◆ ABOUT THIS TASK ◆
Without the pictures, write the listing out again exactly as it appears.

◆ SOURCE DATA ◆
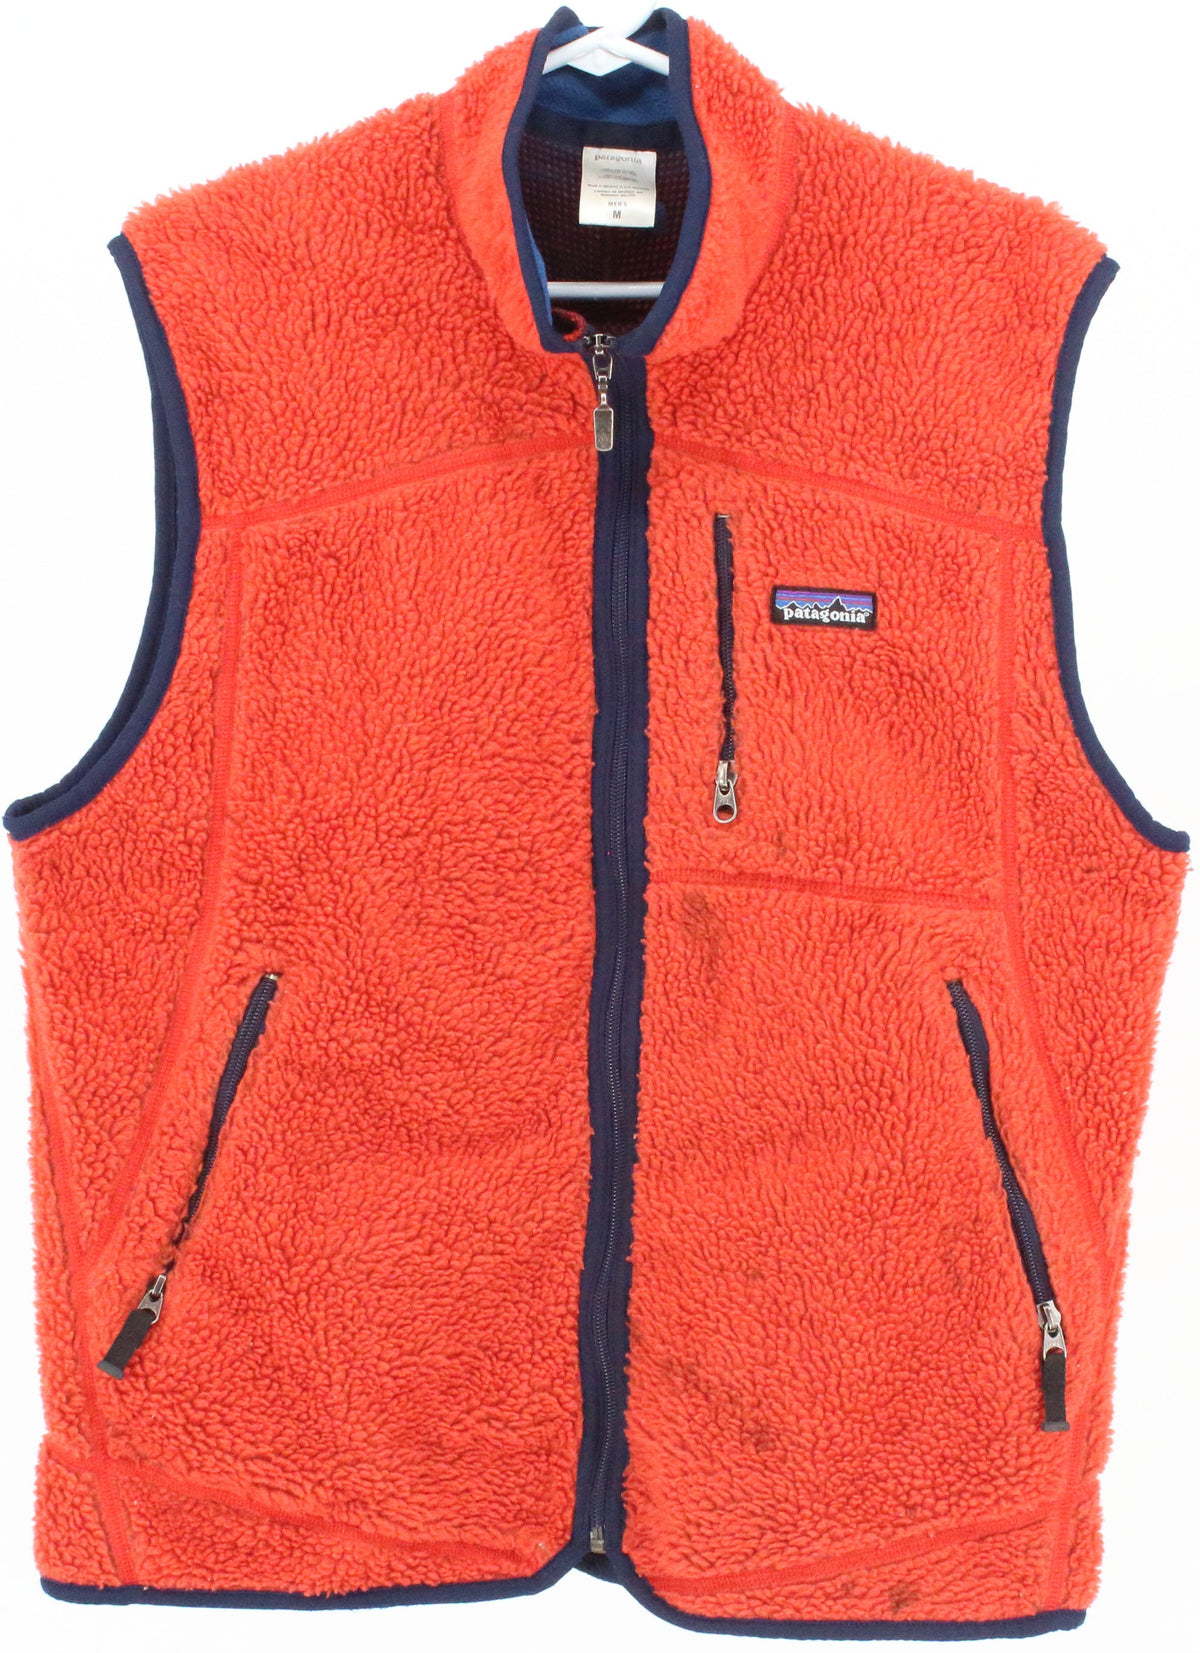 Patagonia Orange and Blue Men's Fleece Vest
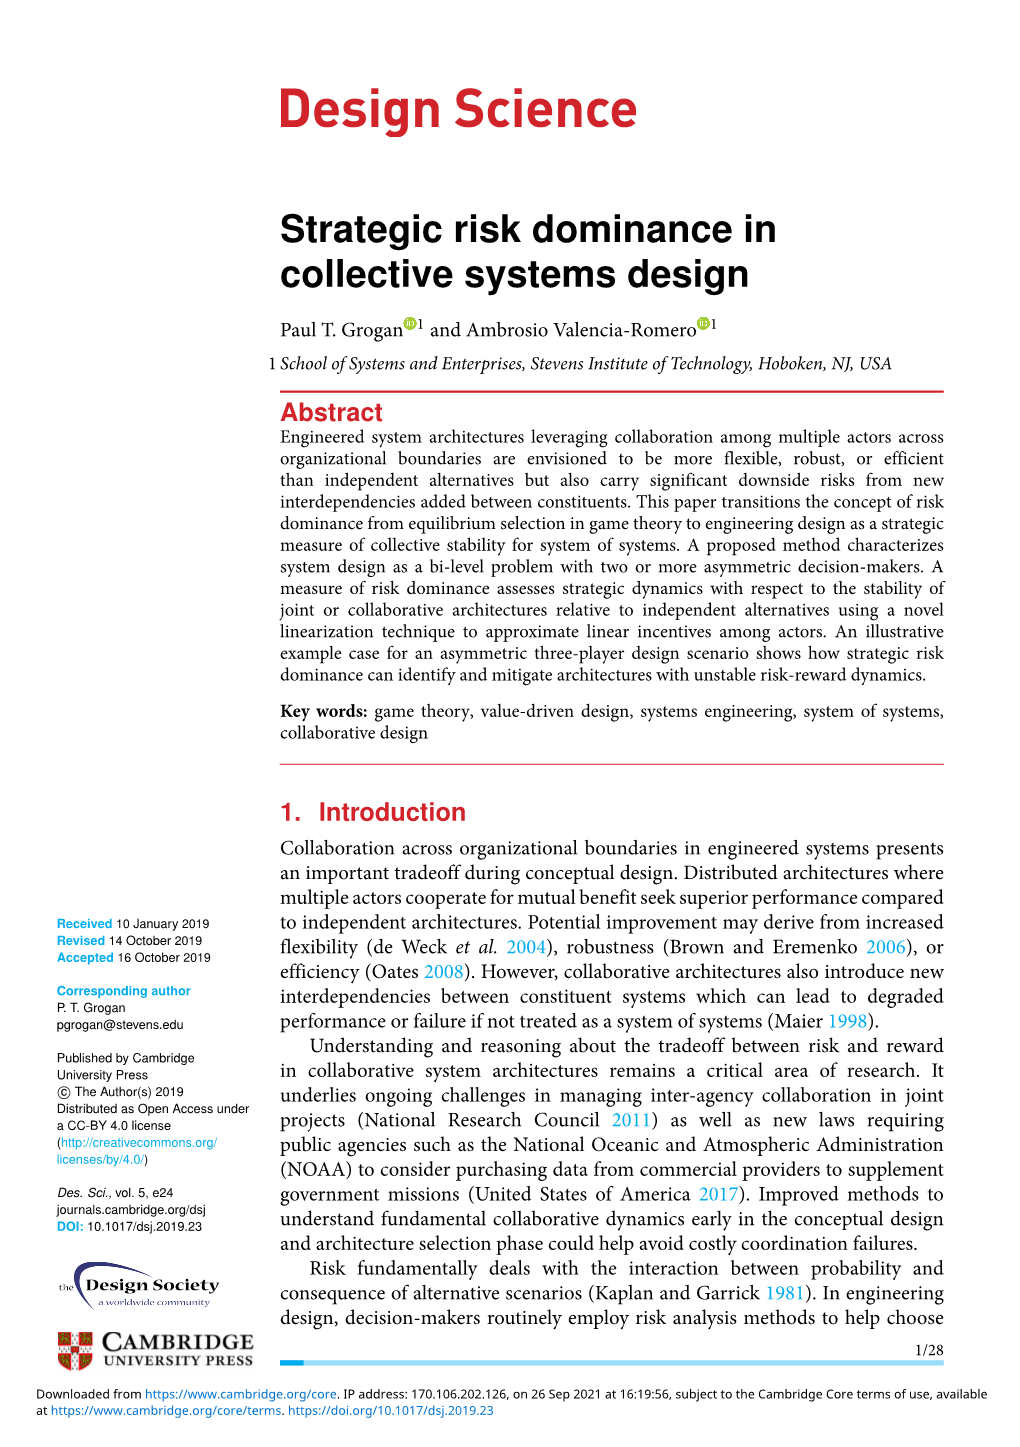 Strategic Risk Dominance in Collective Systems Design
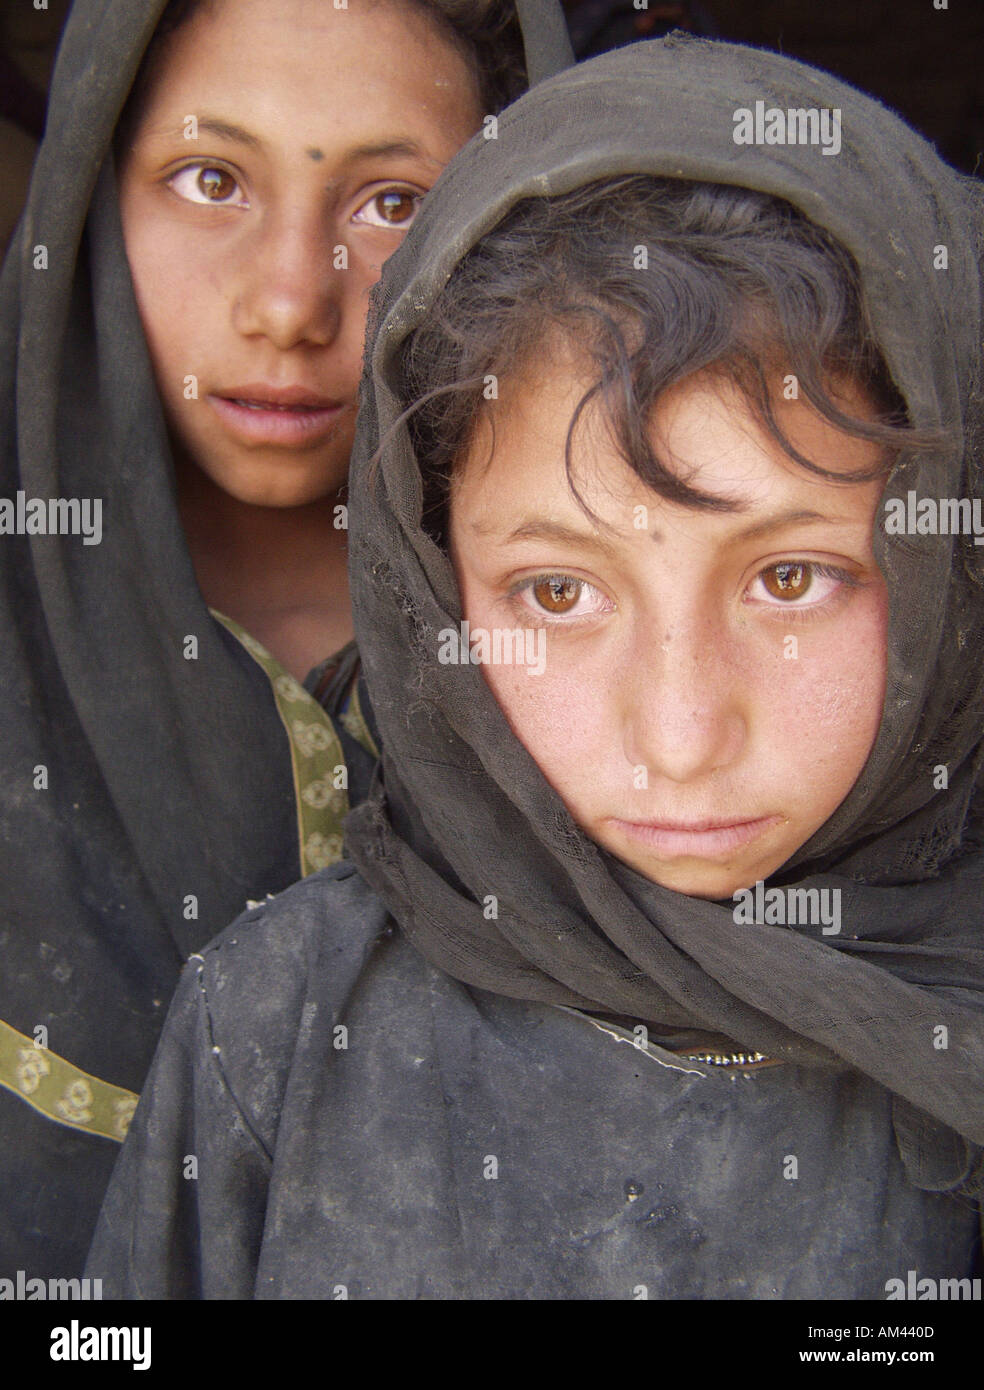 Afghanistan Children Stock Photo

◆ COMPLETED EXERCISE ◆
 Patagonia Orange and Blue Men's Fleece Vest
 Strategic Risk Dominance in Collective Systems Design
 Afghanistan Children Stock Photo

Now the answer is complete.